Straight ahead? Not perfect, but better than the other two. Steering precision? Exemplary, it could hardly be better. Really great driving behavior with almost no disruptive behavior. The Raptor, a successful mix of non-adjustable, but well-coordinated, sensitively appealing suspension elements, a successful chassis geometry and the appropriately selected tires, here Bridgestone BT 56, wisely in the rear in fully adequate 180/55 dimensions on what is now a “narrow” 5 , 50 inch rim. It is an endless joy to take asphalt strips of every character under the wheels, to drive the Cagiva through long, smooth arcs, over the worst side roads, winding mountain roads. Well, the handlebars twitch, which is actually no wonder when the Cagiva takes off. In any case, driving fun was at the top of the raptor developers’ specifications.
S.It’s just a shame that the Cagiva engineers forgot the really big ones. Because this almost unprecedented fun bike with this fantastic engine actually only fits people up to a maximum of 1.80 meters in height. The raptor driver has to fold even more extreme than on the Monster if he measures more than the said limit. Others, on the other hand, will perceive the low sitting position as real happiness. Regrettable for the Tall One. But thank goodness there isn’t something for every taste in this test, but also for every size. The Triumph even fits 1.90-meter people and also offers the best possible ride-sharing. And the Ducati choose the purists for whom one has become too bombastic and the other too Japanese.

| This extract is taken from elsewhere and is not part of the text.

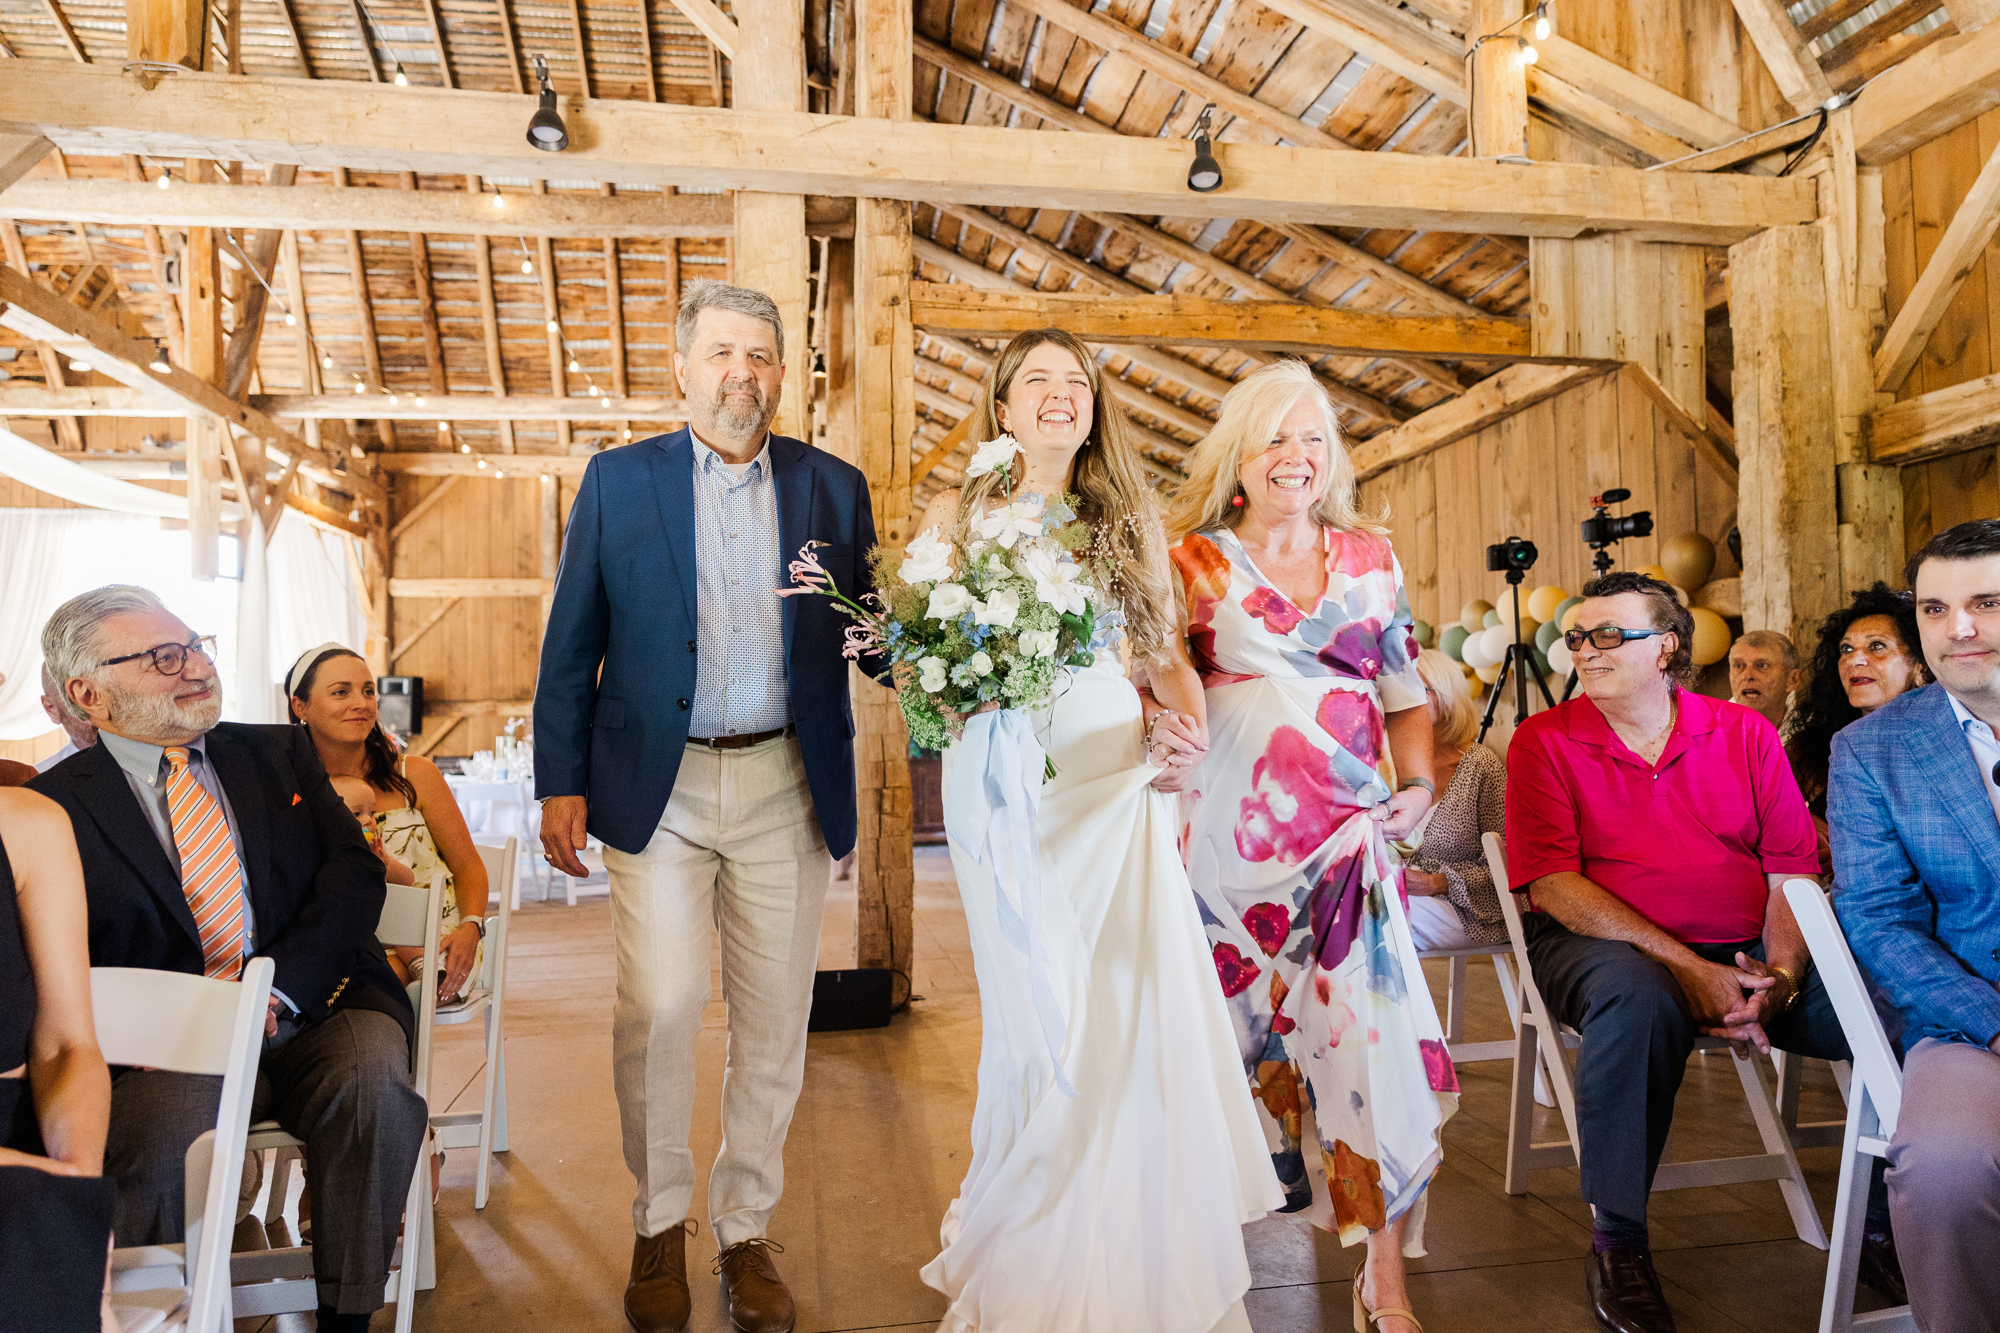 Vibrant Maple Meadows Farm Wedding in Ontario, Canada

Conclusion: Cagiva Raptor 1000 – 1st place

Raptors are vicious creatures, so it’s hardly surprising that the brand new Cagiva doze off their seasoned opponents. The Italian two-wheeler manufacturer, which is on the rise, manages to give the Suzuki TL 1000 engine an appropriate chassis. A two-wheeler is created promptly, as it could hardly be more moody: strong, agile, track-stable, well made and a cult design. It’s just a shame that the Raptor fits smaller people. Still: Congratulations, Cagiva.

Conclusion: Ducati Monster – 3rd place

Even the most beautiful things get old. This applies to Cologne Cathedral as well as to Ducati’s cult monster. The Bolognese have successfully given their naked bike a facelift. The motor more powerful, the brakes more snappy, the fork more sensitive, the seating position more relaxed ?? Bad luck, actually, that everything is a little better with the opponents than the monsters. But dark sources already rumor one on a 996 basis…

Conclusion: Triumph Speed ​​Triple – 2nd place

The Triumph Speed ​​Triple embodies the British personality with a proudly swollen chest. The Hinckley sound machine “only” achieved second place on points, but it is the first choice, especially for tall drivers. Sporty, crisp, direct and strong, it was not for nothing that MOTORRAD readers voted it “Motorcycle of the Year” among the all-rounders. On top of that, the Speed ​​Triple also looks good, so little to be desired.